_Recorded data_
--- START ---
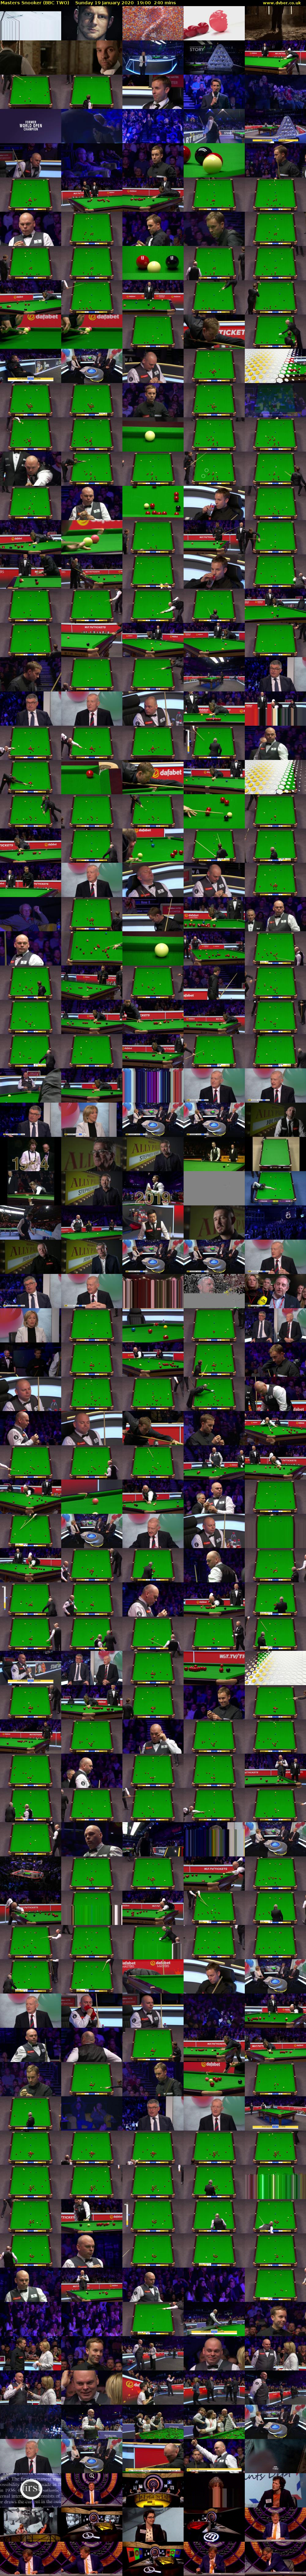 Masters Snooker (BBC TWO) Sunday 19 January 2020 19:00 - 23:00
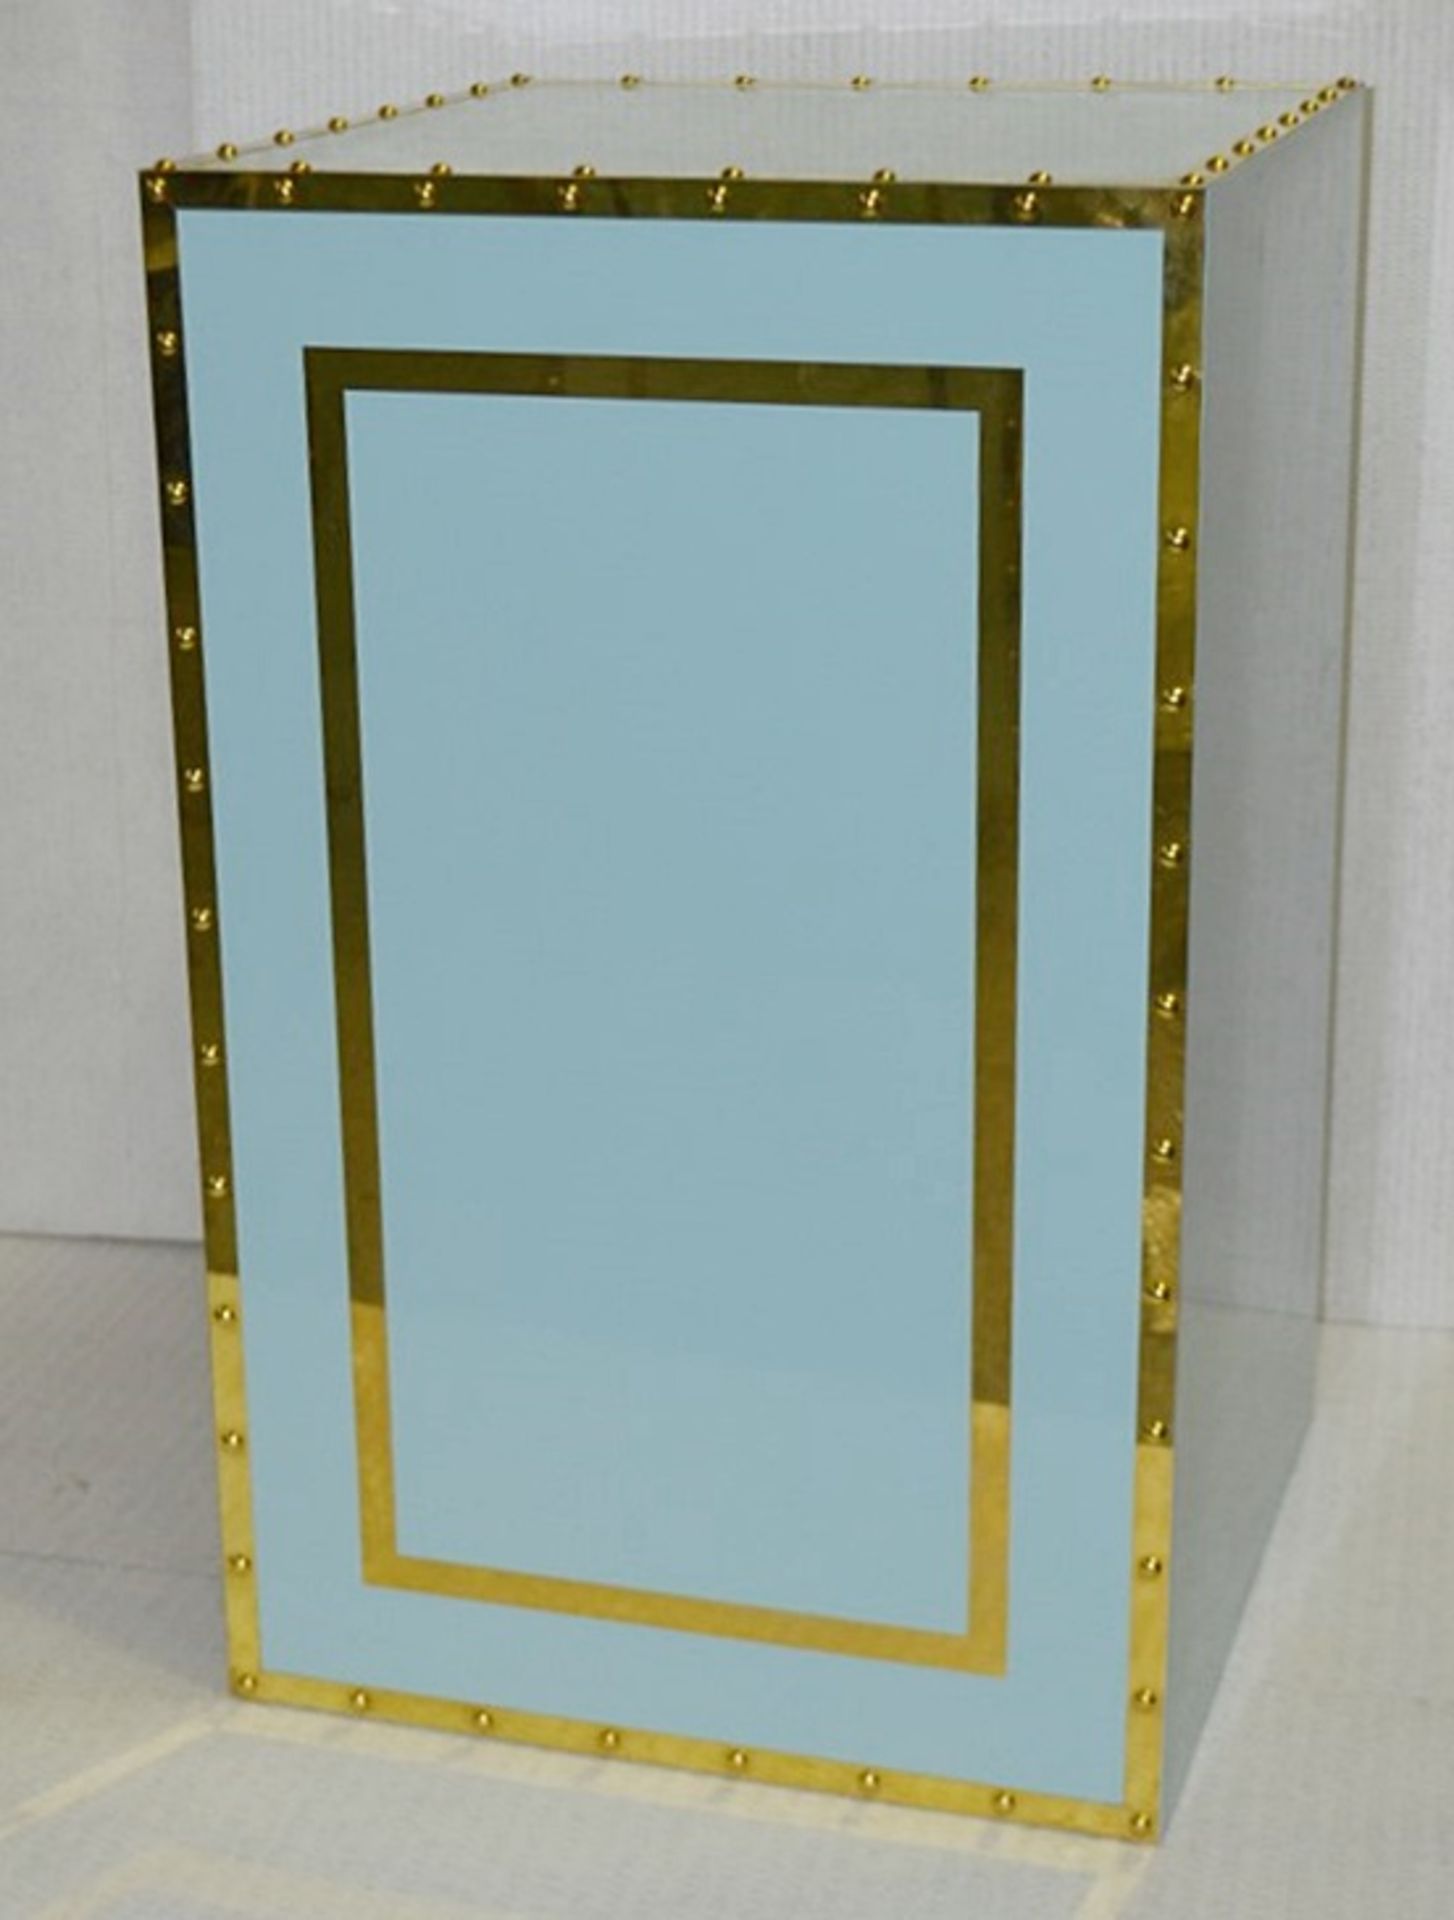 1 x Opulent Bank Vault Safe-style Shop Display Plinth In Tiffany Blue With Gold Trim - Image 4 of 6
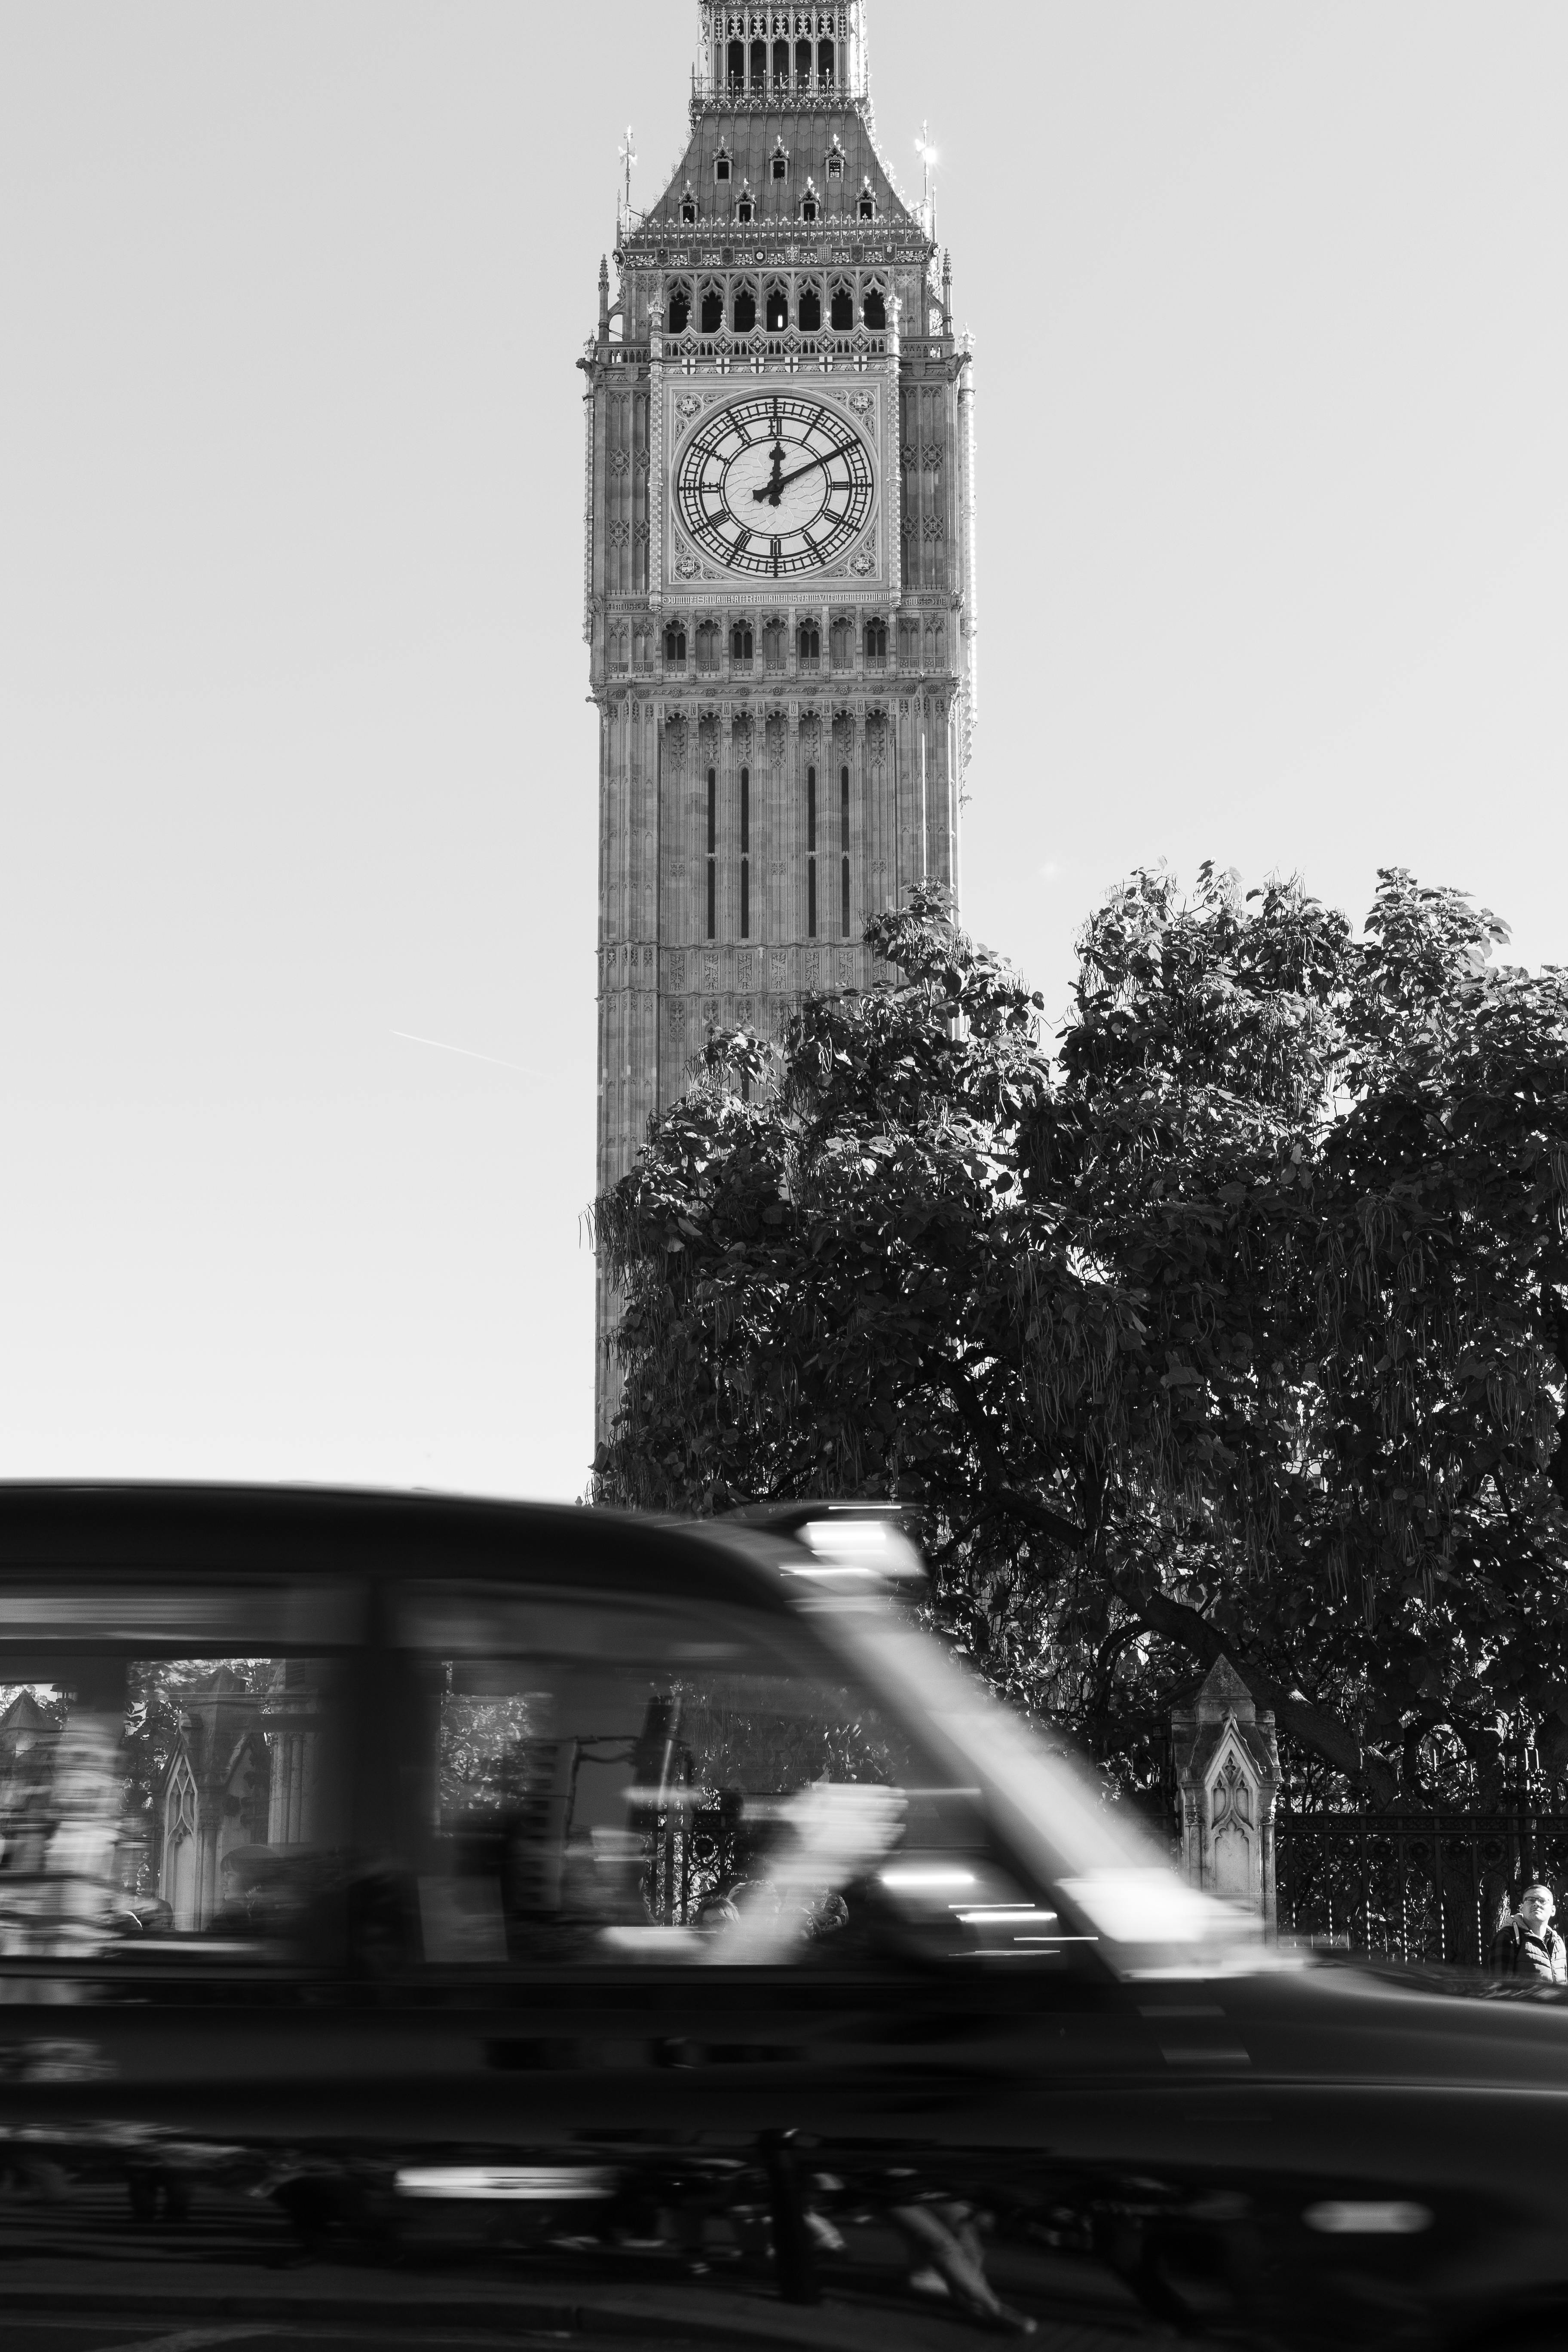 Taxi Passing by Elizabeth Tower Also Known as London Big Ben in 
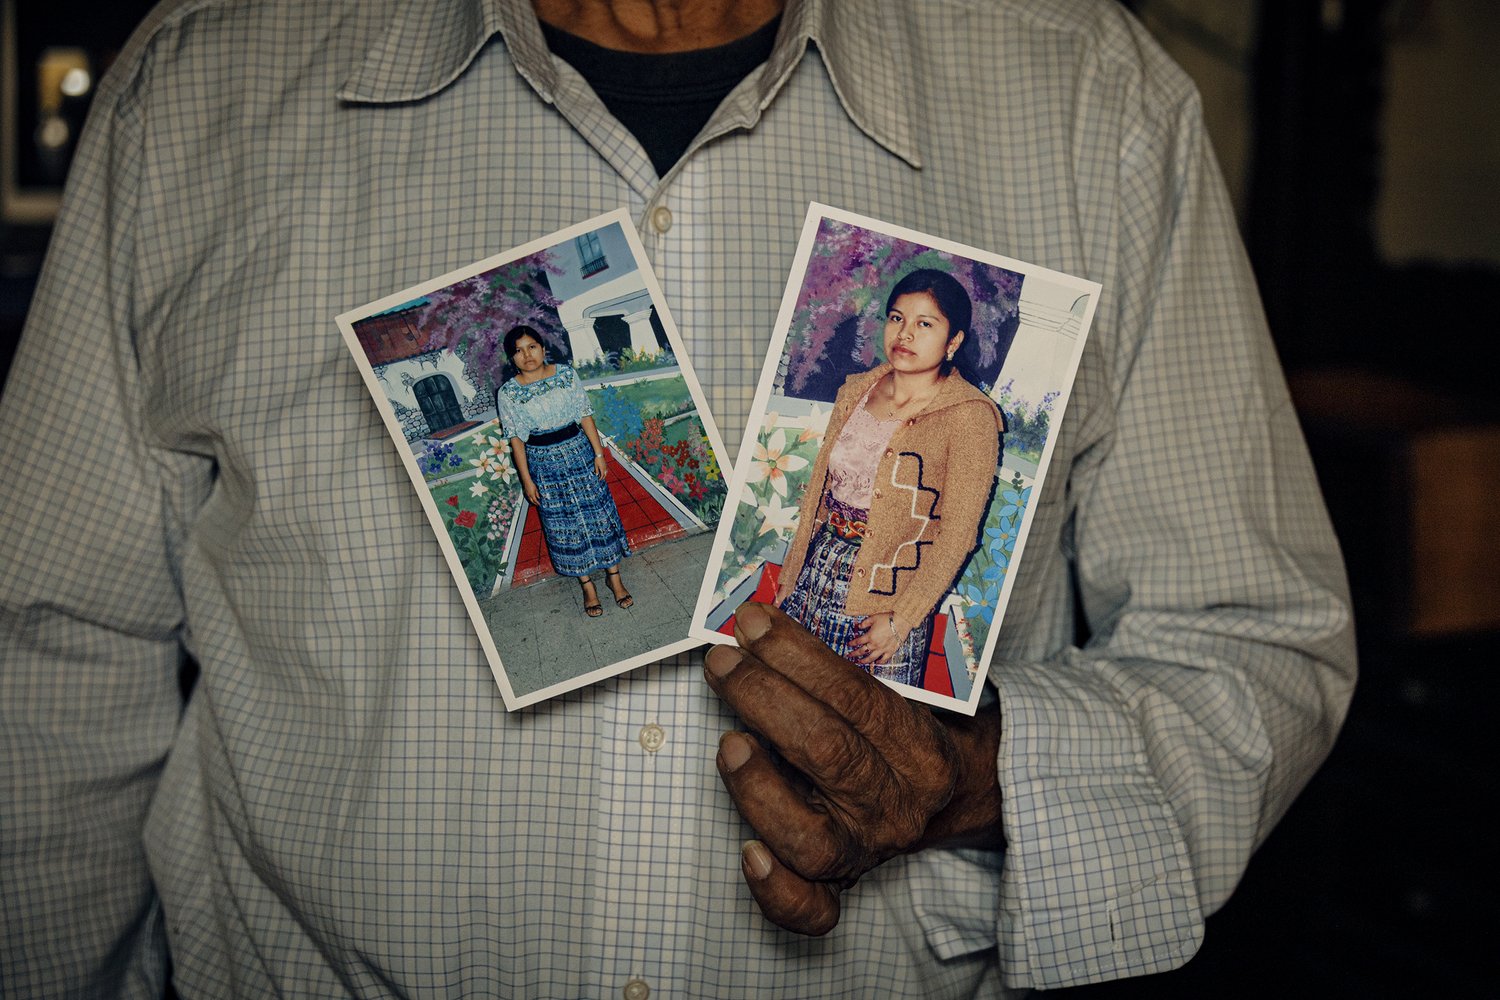 Román Coc holds photos of his daughter Laura, who disappeared in the Arizona desert 13 years ago. © Andrea Godínez
--- END ---
_What to work on_
Apart from the pictures, the whole listing should be reproduced exactly.

_Result_
 Masters Snooker (BBC TWO) Sunday 19 January 2020 19:00 - 23:00
 1 x Opulent Bank Vault Safe-style Shop Display Plinth In Tiffany Blue With Gold Trim - Image 4 of 6
 Taxi Passing by Elizabeth Tower Also Known as London Big Ben in 
 Román Coc holds photos of his daughter Laura, who disappeared in the Arizona desert 13 years ago. © Andrea Godínez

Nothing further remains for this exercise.